Dietary Minerals are the group of minerals which is essential for our body to sustain normal functions and physical health.

                                        Cobalt

Cobalt is one of many essential mineral needed by our body in very small amounts to enhance productions of red blood cell and the formation of myelin nerve coverings It also is vital as a necessary cofactor for making the thyroid hormone thyroxine and stored in the red blood cells, the plasma, liver, kidney, spleen, pancreas, etc.

                 Cobalamin deficiency and spina bifida and other neural tube defects



Cobalamin deficiency in the newborn usually results from cobalamin deficiency in the mother. Megaloblastic anaemia, pancytopenia and failure to thrive can be present, accompanied by neurological deficits if the diagnosis is delayed. According to the study by the the McGill University-Montreal Montreal Children's Hospital Research Institute of the McGill University Health Center, most cases of spina bifida and other neural tube defects result from maternal folate and/or cobalamin insufficiency in the periconceptual period.

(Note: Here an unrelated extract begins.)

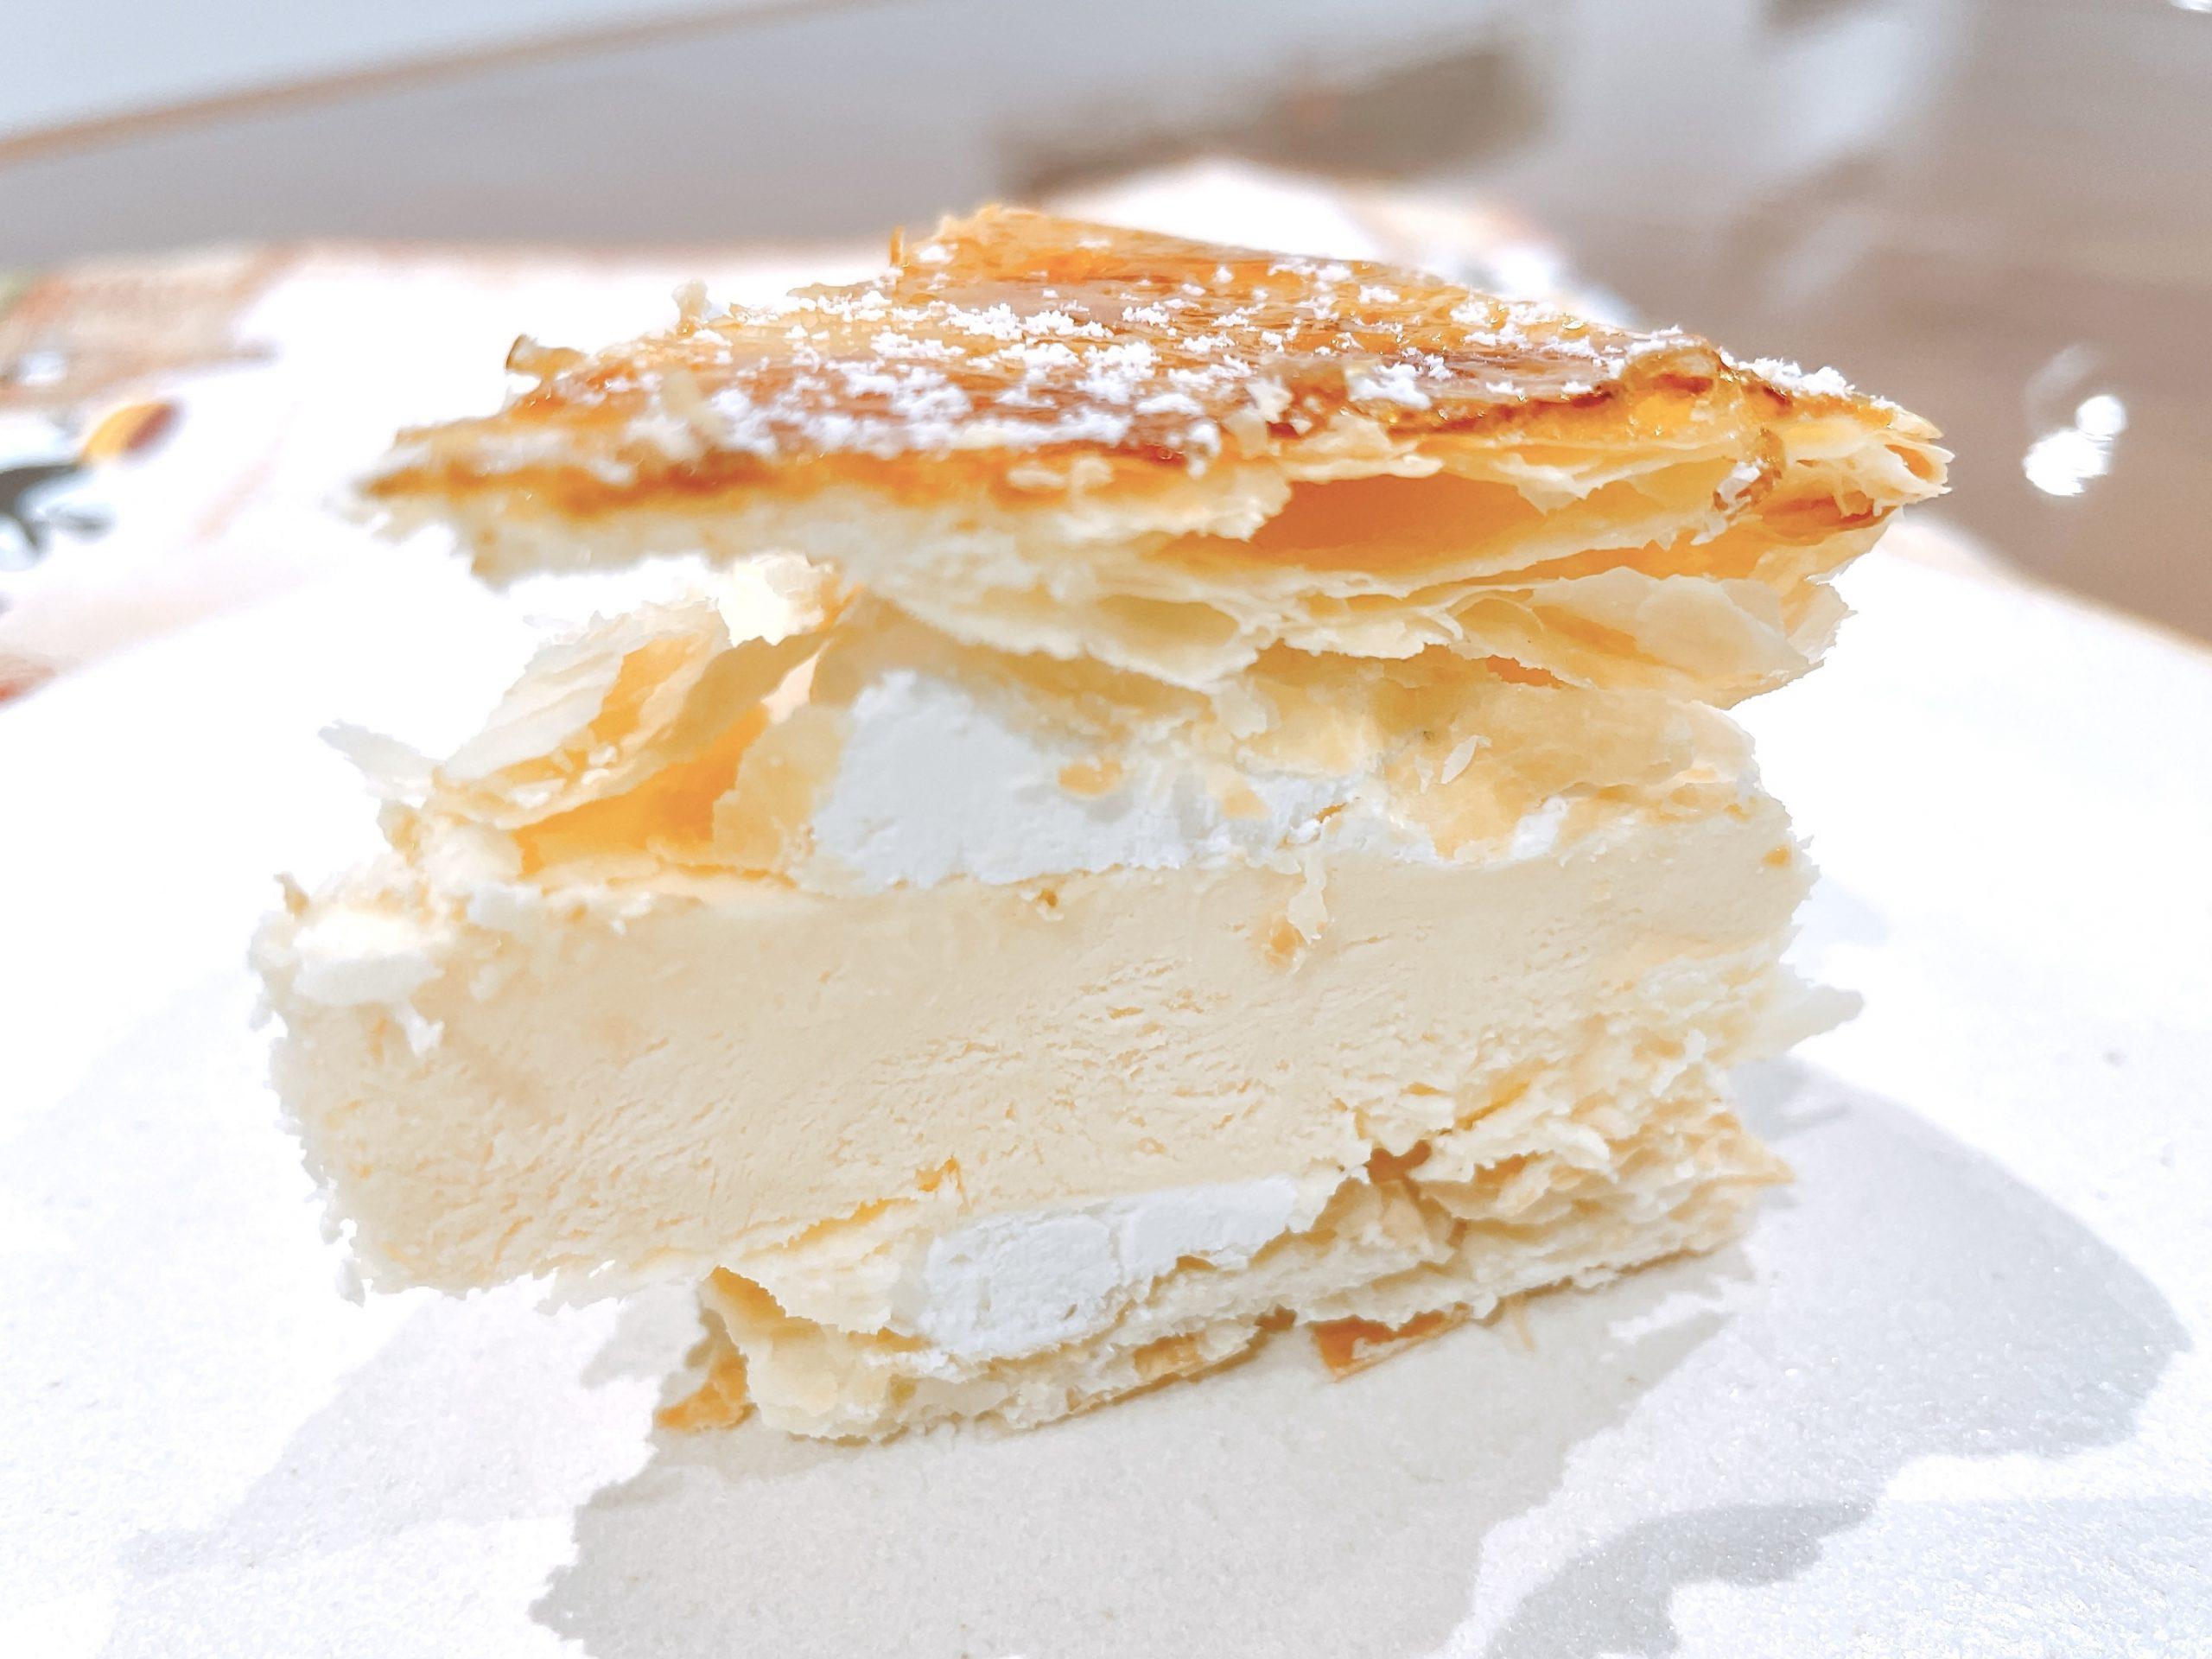 EGOAL(イーゴール)のブリュレチーズケーキは、ちょっと食べにくい

Polymorphisms in a number of genes involved in folate and cobalamin metabolism exacerbate the risk. Inborn errors of cobalamin metabolism affect its absorption, (intrinsic factor deficiency, Imerslund-Gräsbeck syndrome) and transport (transcobalamin deficiency) as well as its intracellular metabolism affecting adenosylcobalamin synthesis (cblA and cblB), methionine synthase function (cblE and cblG) or both (cblC, cblD and cblF). Inborn errors of folate metabolism include congenital folate malabsorption, severe methylenetetrahydrofolate reductase deficiency and formiminotransferase deficiency(3).